Tuesday 27 September 2016

General Practice Planning Guidance for 2017/18 and 2018/19 Published

Delivering the Forward View: NHS Operational Planning Guidance for 2017/18 and 2018/19 has been published by NHS England and NHS Improvement. The document provides NHS trusts and commissioners with the tools they need to plan for the years.
On top of already announced increases to primary medical care allocations for general practice, the guidance confirms that there will also be further local recurrent funding to improve and increase capacity in general practice, totalling £138m by 2017/18 and increasing to £258m by 2018/19 (part of the wider commitment to invest an extra £2.4 billion in general practice services by 2020/21).
  • In 2016/17 the additional funding will be restricted to:
  • Practices involved in the General Practice Access Fund pilot scheme (formerly known as the Prime Minister’s Challenge Fund)
  • A number of additional areas across the country which will accelerate delivery of improving GP access in 2017/18. 
  • A London wide programme of improving access from 2016/17.The investment will be extended in 2018/19 to enable the whole country to start developing additional capacity, so that from April 2019 every CCG can expect a minimum additional £6 per head to improve access to general practice.
For the first time, the new planning guidance also places a requirement on CCGs to develop local action plans detailing how they will deliver on the aims set out in the General Practice Forward View (as part of their Sustainability and Transformation Plans). In particular, the plans will need to set out how CCGs will invest funds to support and transform general practice.
CCGs need to provide plans outlining their approach to implementing the General Practice Forward View by 23 December 2016.

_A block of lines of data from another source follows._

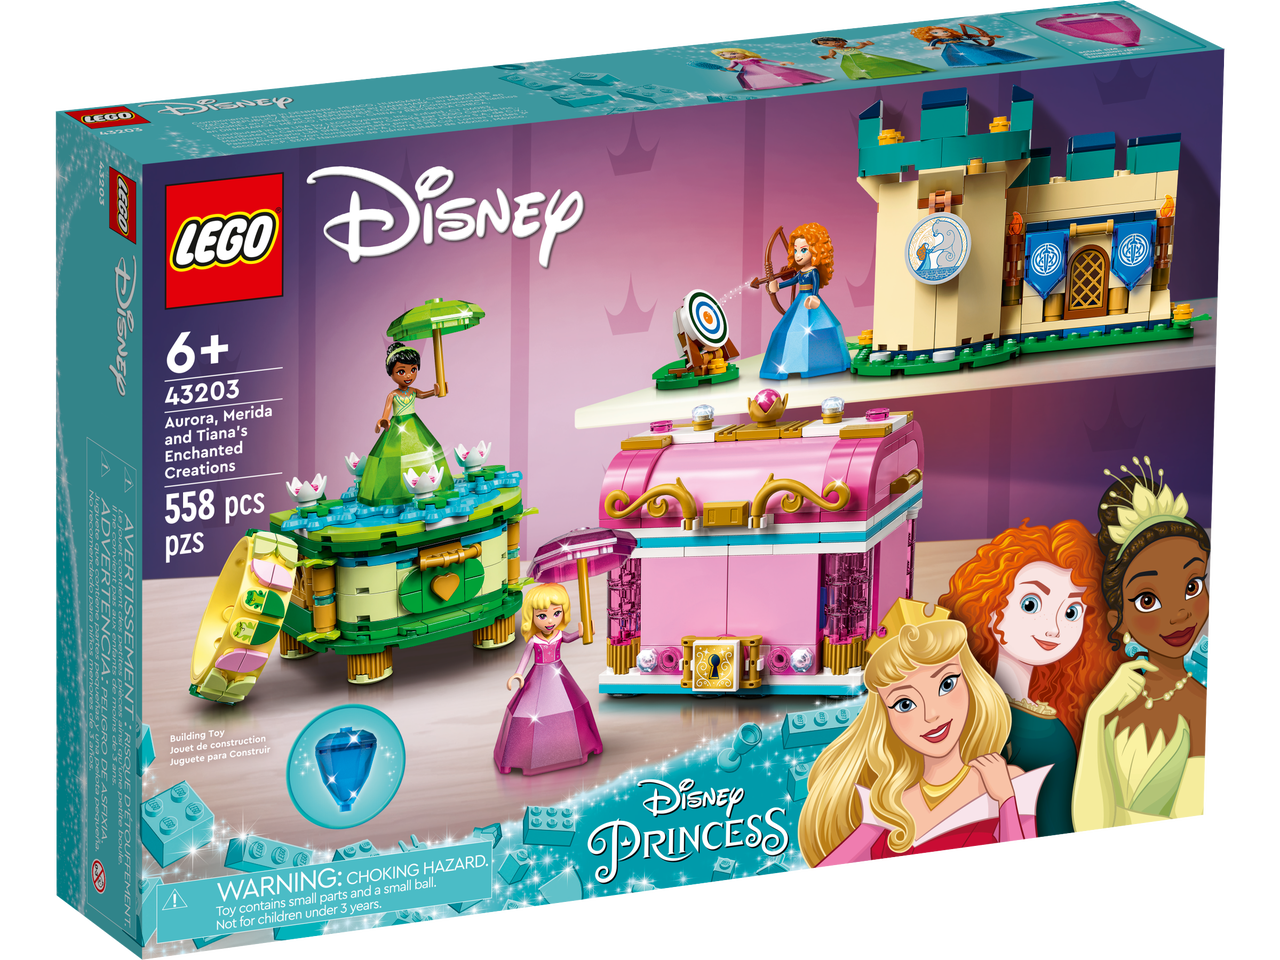 LEGO Disney Princess - Aurora, Merida and Tiana’s Enchanted Creations (43203.)
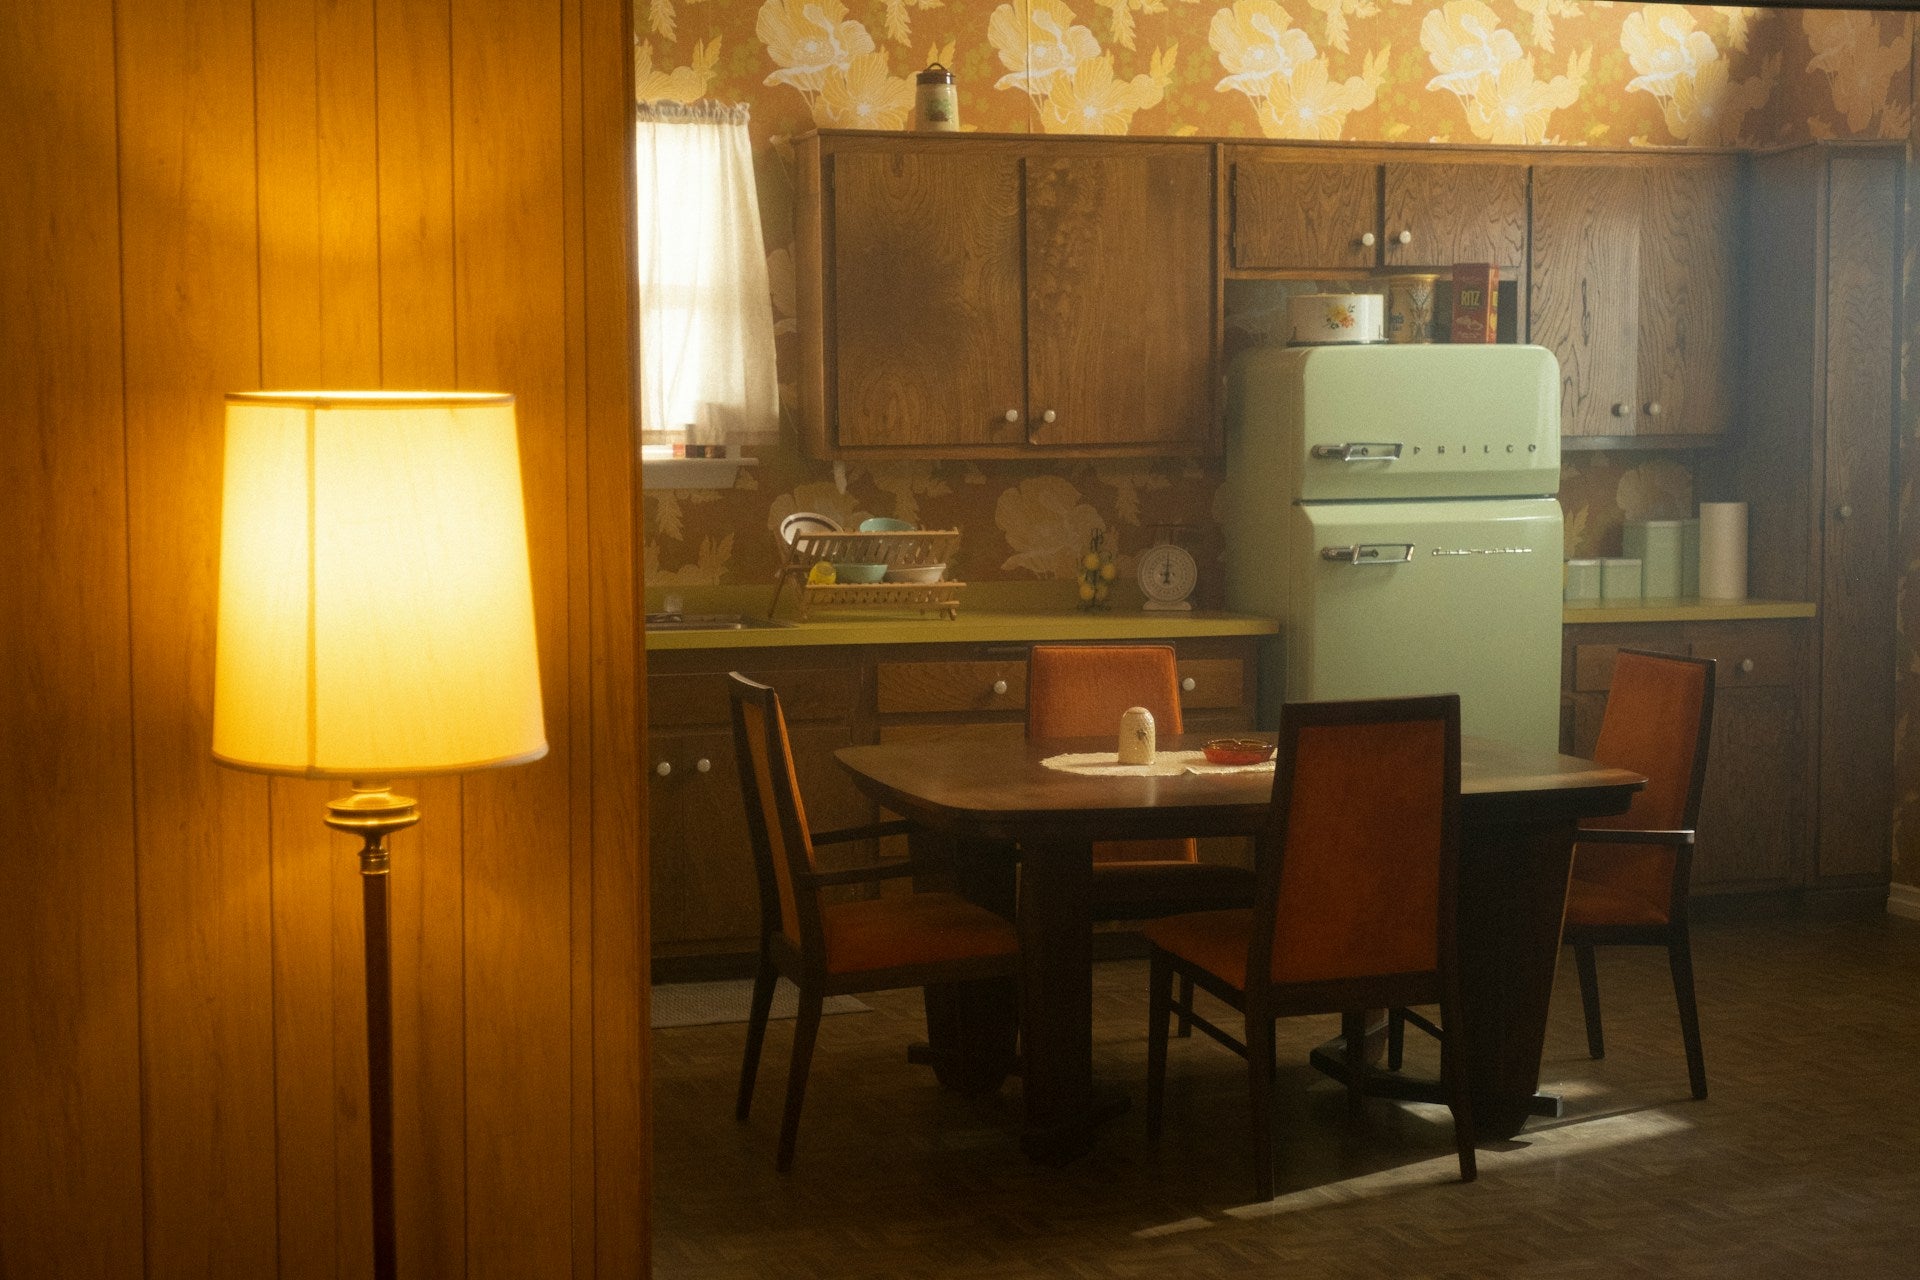 Embrace Nostalgia: Transform Your Home With Vintage Style Refrigerators | Fridge.com
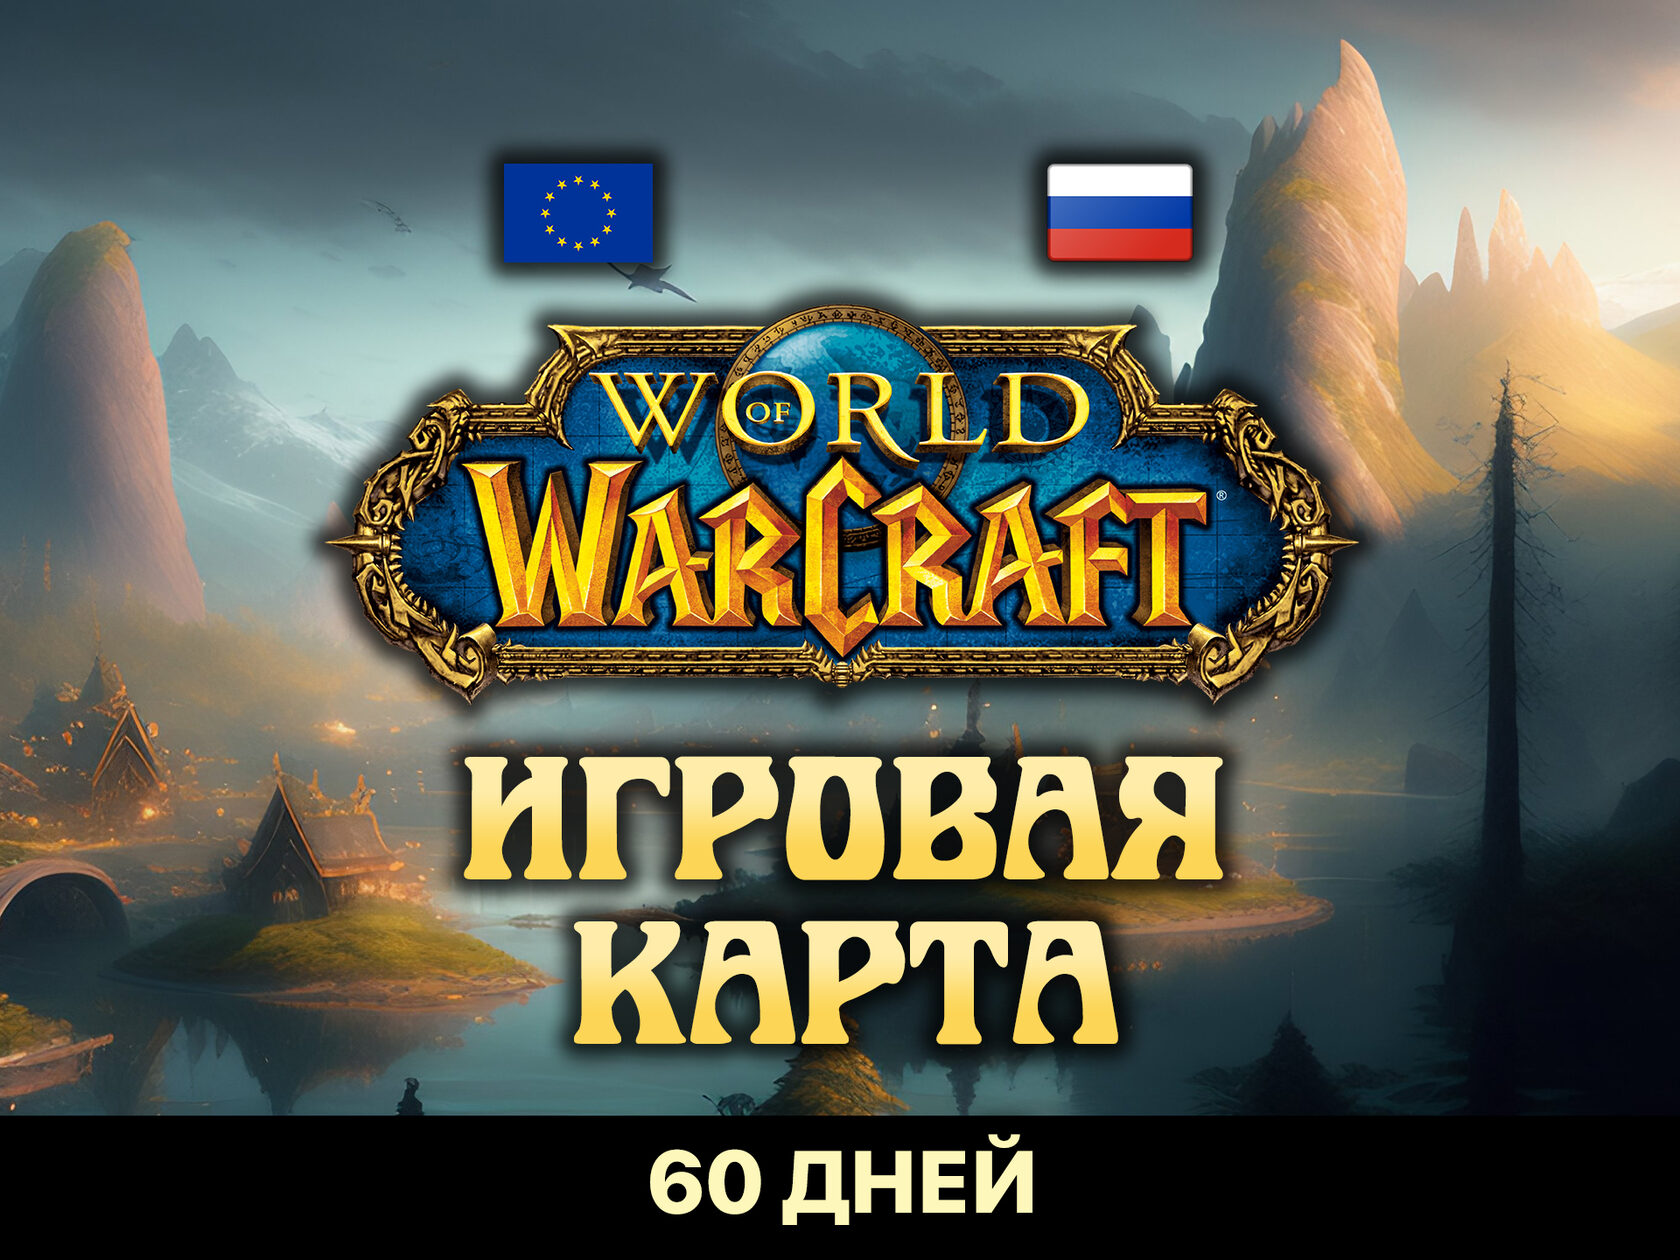 Игра wow 60. Тайм карта wow 60. Тайм карта wow. Warcraft подписка. Eu/ru тайм карта wow 60 дней подписки.

Arvind Madan, NHS England’s Director of Primary Care, said: “We know that general practice is under pressure and we are determined to maintain the momentum in turning things around, as started with the launch of the General Practice Forward View. Today’s planning guidance, with detail on how investment will look in the coming years, demonstrates the steps we will be taking with CCGs to both stabilise and transform GP services in the years to come.”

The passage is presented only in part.